2. A piston as claimed in claim 1, wherein said wall portions are separated and dispersed in said circumferential direction.

3. A piston as claimed in claim 1, wherein said partition walls and said wall portions forms a plurality of grooves inside said barrel portion in cooperation with one another.

4. A piston as claimed in claim 3, wherein each of said grooves has an opening between adjacent ones of said wall portions.

5. A piston as claimed in claim 3, wherein each of said wall portions has a through hole penetrating therethrough.

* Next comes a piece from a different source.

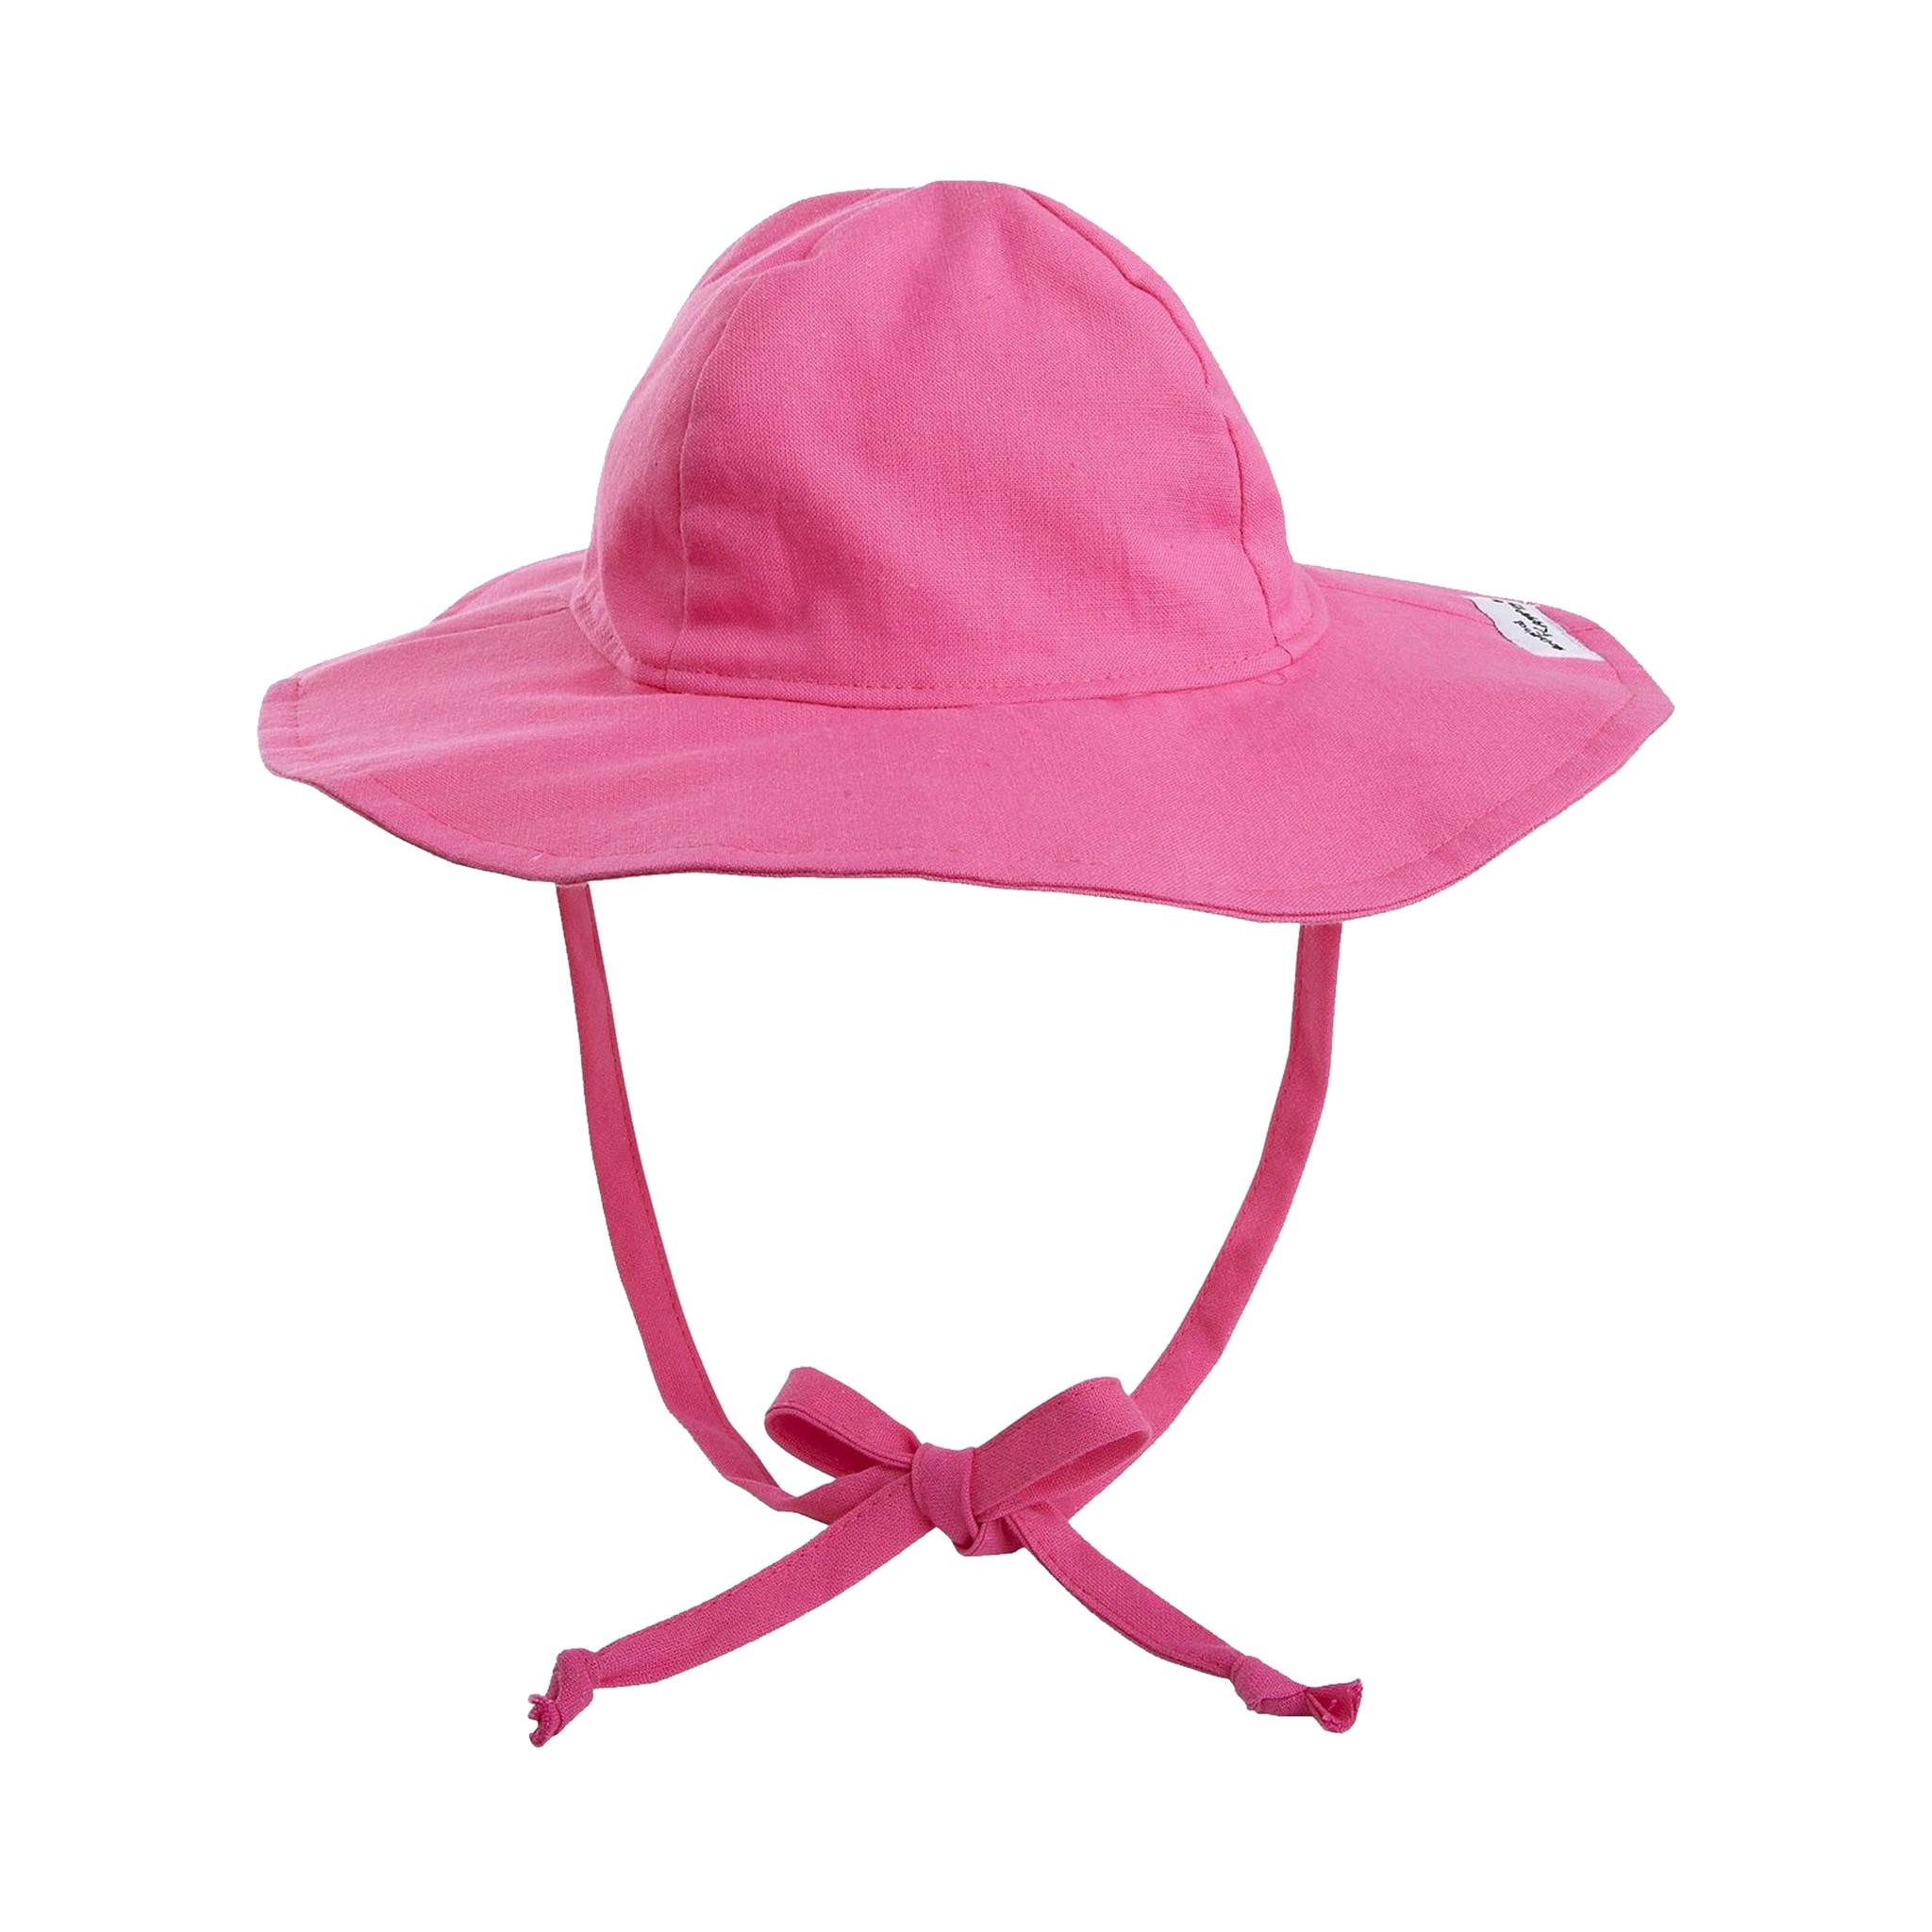 Flap Happy Hot Pink Floppy Sun Hat

6. A piston slidably inserted into a cylinder bore in a cylinder block, comprising:

a head portion having an outer circumferential surface entirely slidably contacted with an inner circumferential surface of said cylinder bore; and

a barrel portion connected with, and extending from, the head portion, and having an outer circumferential surface consisted with at least three circumferential wall portions extending along the slidable movement direction of the piston;

wherein the at least three circumferential wall portions are located at a position where said barrel portion is unable to move in a direction perpendicular to the center of said cylinder bore.

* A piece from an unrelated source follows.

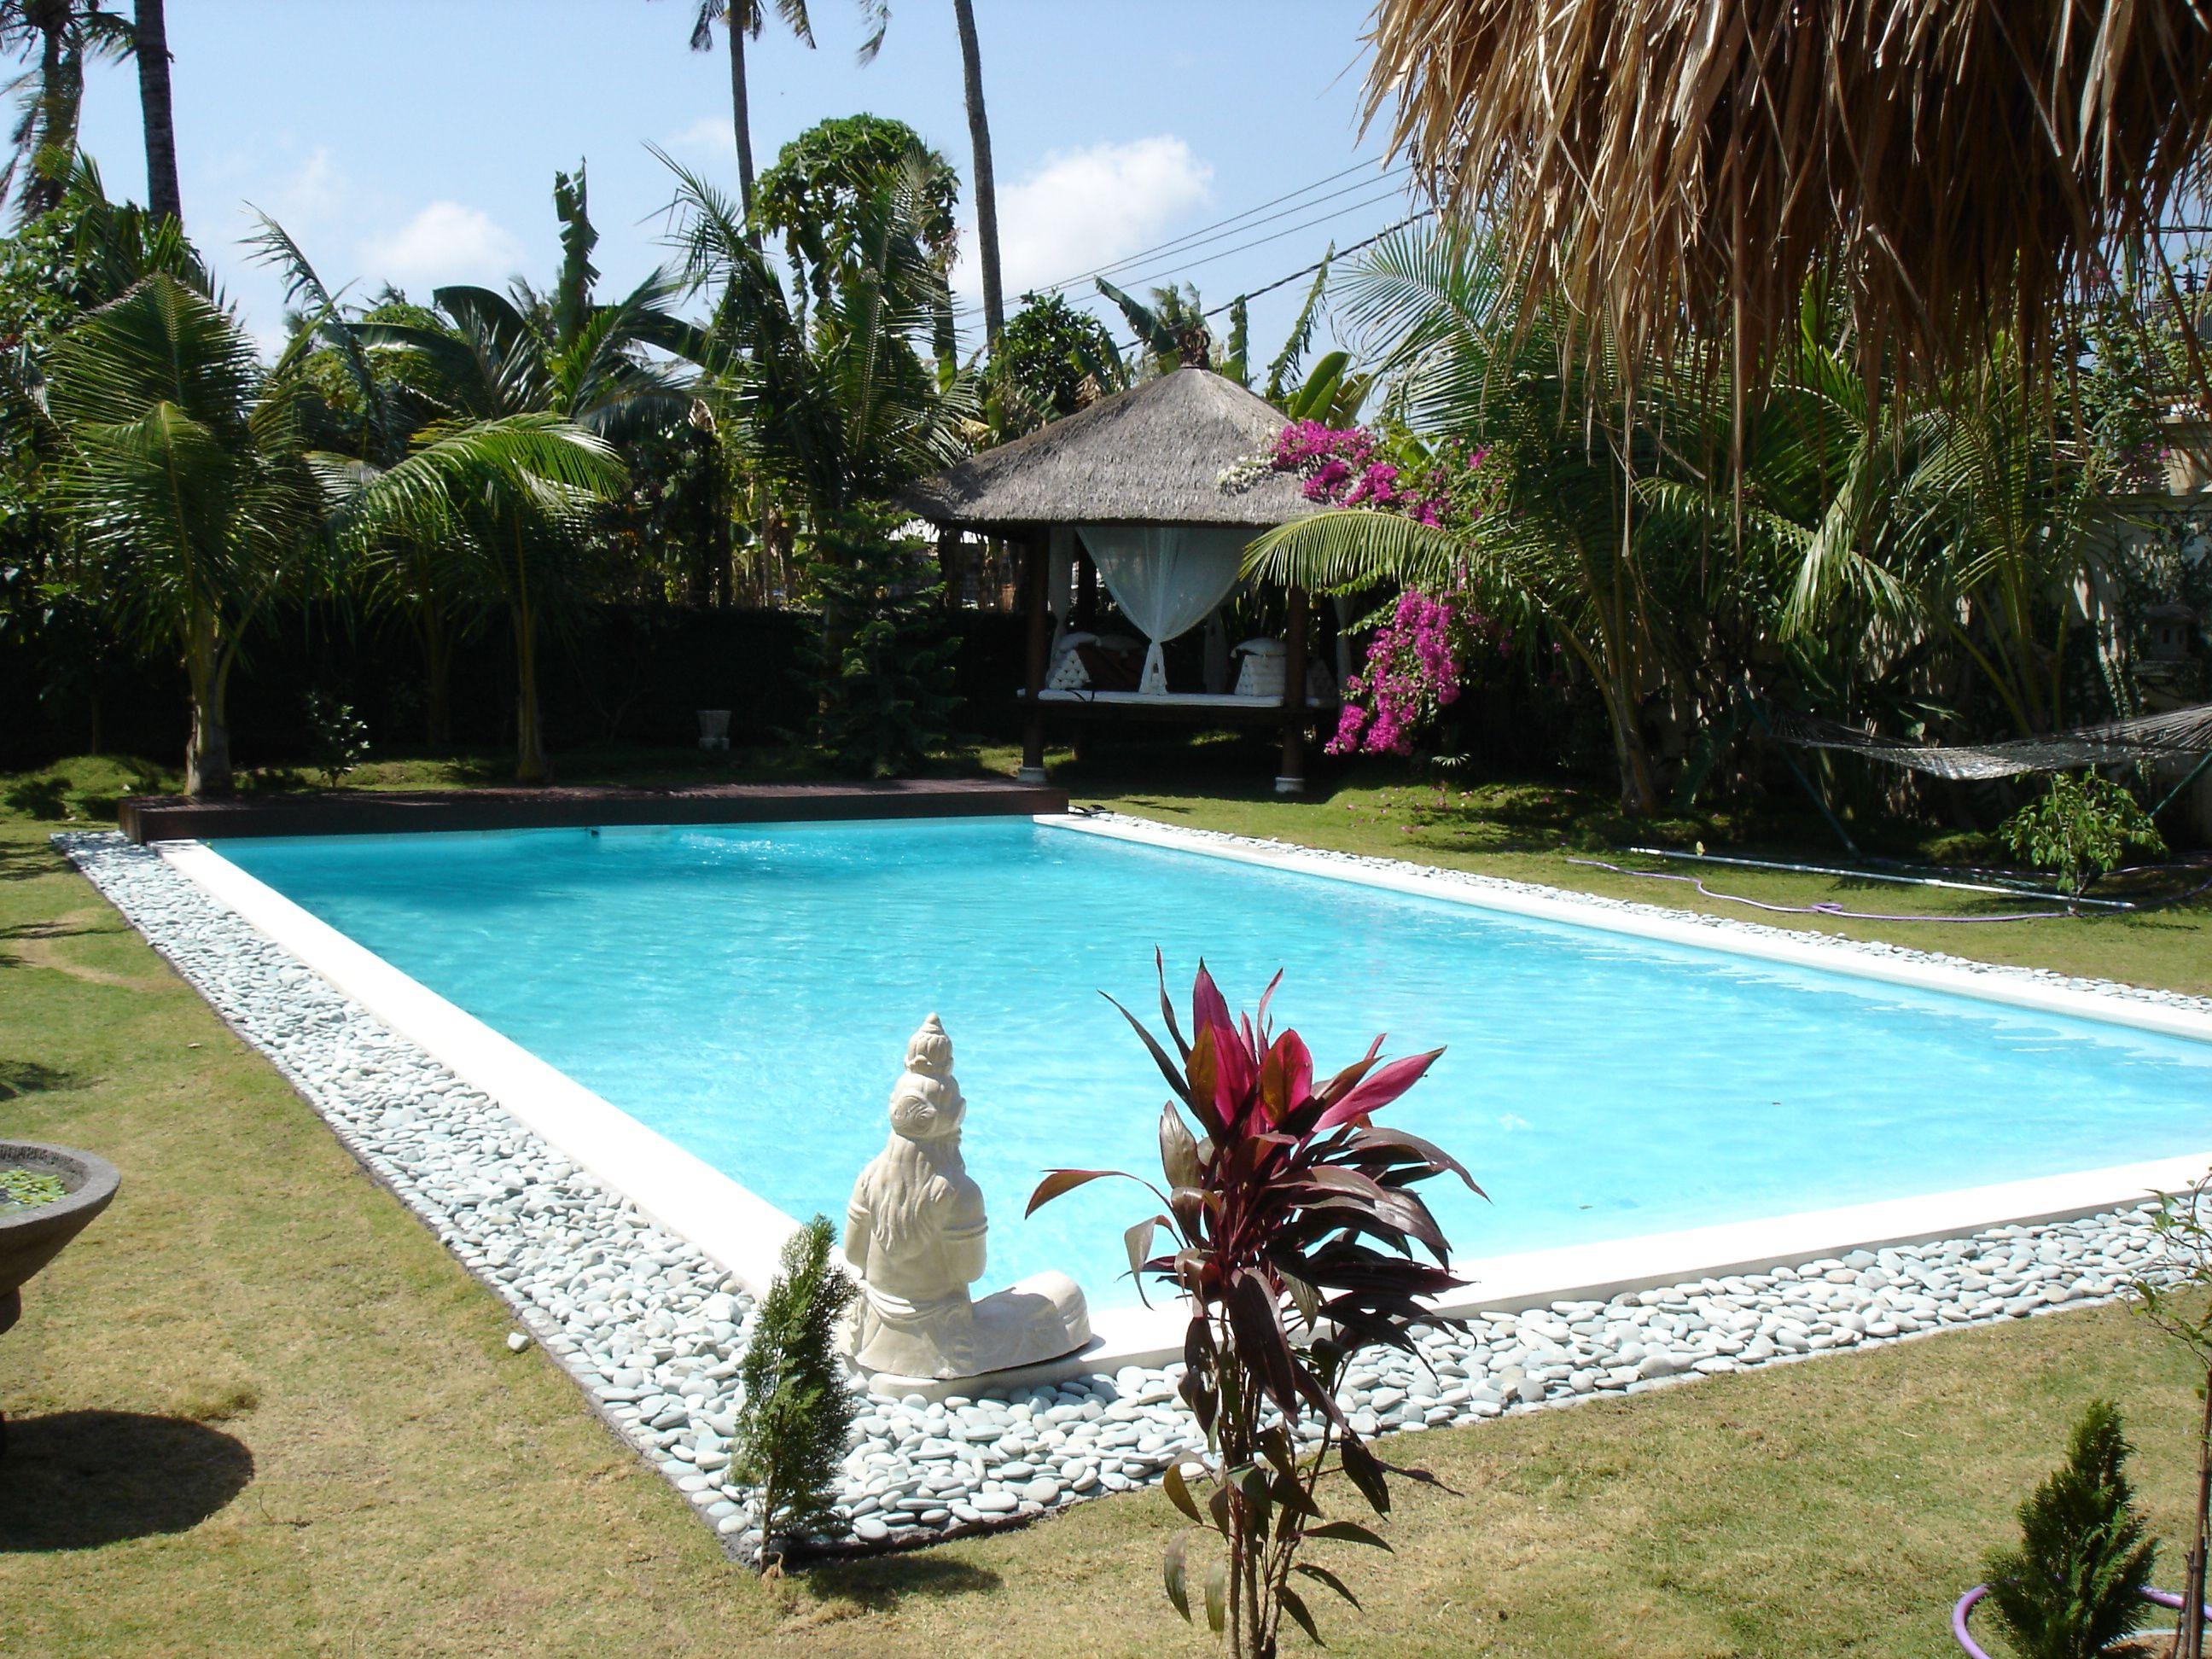 Desjoyaux Bali Pool Project Projects On Bali Island Pinterest

7. A piston as claimed in claim 6, wherein said outer circumferential surface of the barrel portion is comprised with three partial circumferential wall portions.

8. A piston as claimed in claim 7, wherein said circumferential wall portions are coupled together by partition walls, and three grooves are formed by combination of said circumferential wall portions and said partition walls.

9. A compressor comprising:

a cylinder block having a cylinder bore extending in a predetermined direction;

a piston as claimed in any one of claims 1, 2, and 3 - 8 and slidably inserted in said cylinder bore; and

means coupled to said piston for making said piston be reciprocally moved along said cylinder bore in said predetermined direction.

10. A compressor as claimed in claim 6, wherein said circumferential wall portions have outer surfaces, each of which is of an arc-like sectional shape, and said cylinder bore having a central line located within a polygonal shape formed by connecting a center point of each of said outer surfaces to an adjacent center point of each of the other said outer surfaces, respectively.